Some of the steps incorporate healthy habits into docs. For example, in my robust release docs skills, the following steps are followed:

Analysis of source code comment tags (and any fixes)
Analysis of logs run after the reference docs build to identify elements missing documentation
Analysis as to whether any changes/updates constitute breaking changes
Analysis of documentation corpus to identify needed changes across docs (and any fixes)

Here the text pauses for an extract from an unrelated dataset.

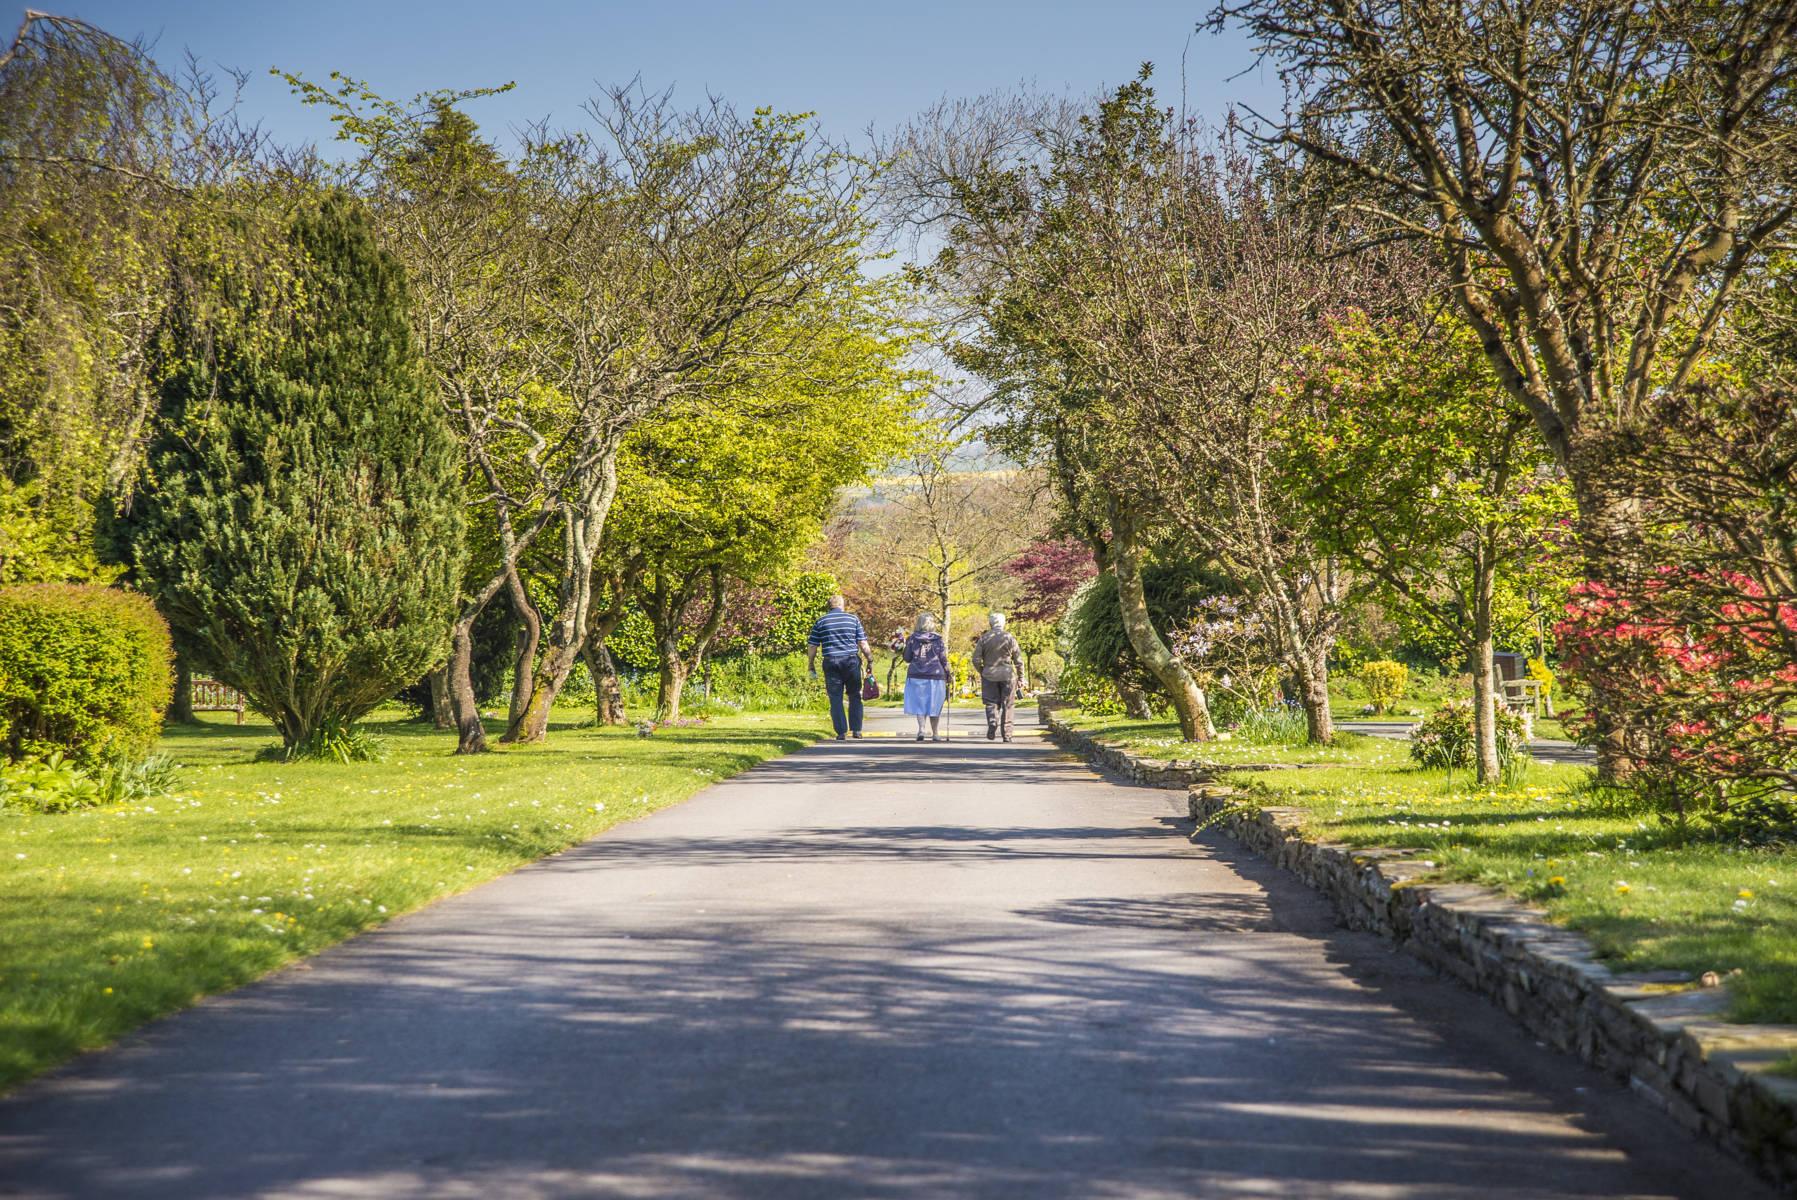 http://drakememorialpark.co.uk/upload/gallery_image/167afa270319114700.JPG

If I were doing these steps on my own, I might cut corners with some releases. For example, I probably wouldn’t have time to analyze the log reports or to scan all other documentation for needed updates. The skill helps me do these steps seamlessly.

Additionally, if you define a specific template for publishing, that template gets applied each time you run the skill, which also leads to more consistency. One of my release docs publishing skills takes freeform notes about metrics across a variety of categories and incorporates them into a boilerplate template. The template has more information about each category and placeholders for metrics charts. The skill gathers the latest metrics, populates the placeholders identified by the template, and generates a new page. It works brilliantly. I mention this as an example of combining a template with a skill. The result is a much more consistent, predictable approach to documentation.

Some design principles for skills

In this section, I’d like to propose a few design principles for skills.

Don’t make the skill too rigid

As you’re making the skill, you want the agent to follow a consistent process but also include enough flexibility in the skill for the agent to make its own decisions based on the fluctuating needs of the content. In other words, don’t make the skill too rigid. Allow for some flexibility by teaching the agent the larger goal and philosophy of the skill, and then allowing the skill to adapt to the situation at hand to achieve that larger goal.

For example, one of my skills is publishing data modeling policy information. The task mostly involves publishing content that’s already been reviewed in a Google Doc. I’ve set up a template and the expected format for each policy.

However, sometimes the source material in the Google Doc doesn’t fit the template, or the source material deviates from our expected format. When this happens, the agent might override the source content to fit the template. I need to improve the skill so that the agent can intelligently know when to leave the source content as is, without trying to force it into a predefined template that might not make sense for the policy.

Skills should get better each time you use them

One foundational principle about skill building is that iteratively, the skills should improve each time you use them. (This likely only applies to more complex skills.) You can do this automatically by building self-reflection into the skill itself. Add a step at the end of the skill that tells the agent to examine its friction log, analyze any challenges or obstacles it encountered while doing the task, and to improve the skill so that next time around, the next agent won’t struggle with the same issues. Often when I do this, the agent adds the information into a troubleshooting.md topic in the reference directory. I assume that the agents consult this topic when they hit a snag in an existing process.

One reason to build self-reflection into skills is that the tools, models, and other environmental factors are constantly changing. What might not be possible one month might suddenly be possible in the next iteration of something. Skills must likewise be constantly evolving, adapting, and improving. This is why skills belong directly in the same directories as your documentation.

Over time, skills should improve in a progressive way, so if you’re running a skill that you’ve run dozens of times, it should be pretty smooth. The topic of self-improvement connects to recursive self improvement (RSI), which is a larger phenomenon. Anthropic recently published a blog post titled When AI builds itself, arguing that most of Claude’s code is written directly by Claude. More and more tech companies are publishing crazy statistics like this, arguing that 50% of code or more is written by AI.

The same applies to skills. I rarely write the skill content myself. Most of the time, I tell the agent what I want to do in the skill, and it adds the appropriate instruction. We’re steering the agents to do the skill building, which then generates the documentation. So now the agent is writing instructions for future agents to perform, which is AI propelling AI. I’m still needed to steer this agent, but I don’t need to directly hold the steering wheel because all of my steering is captured within the skill. So if I say “Don’t do X again,” I shouldn’t have to keep providing this guidance to the skill. The skill should capture the guidance and remove the behavior for future skill runs.

Forking and building off existing skills

In addition to self-reflection loops for skills, you can also fork other people’s skills and adapt them to your own use cases. This isn’t something I’ve actually done before, but all our code is stored in a giant monorepo. I often see the agent searching the repo for other instances of some process or technique I’m asking it to do. The agent learns from these other skills and incorporates that same understanding into the skill I’m building.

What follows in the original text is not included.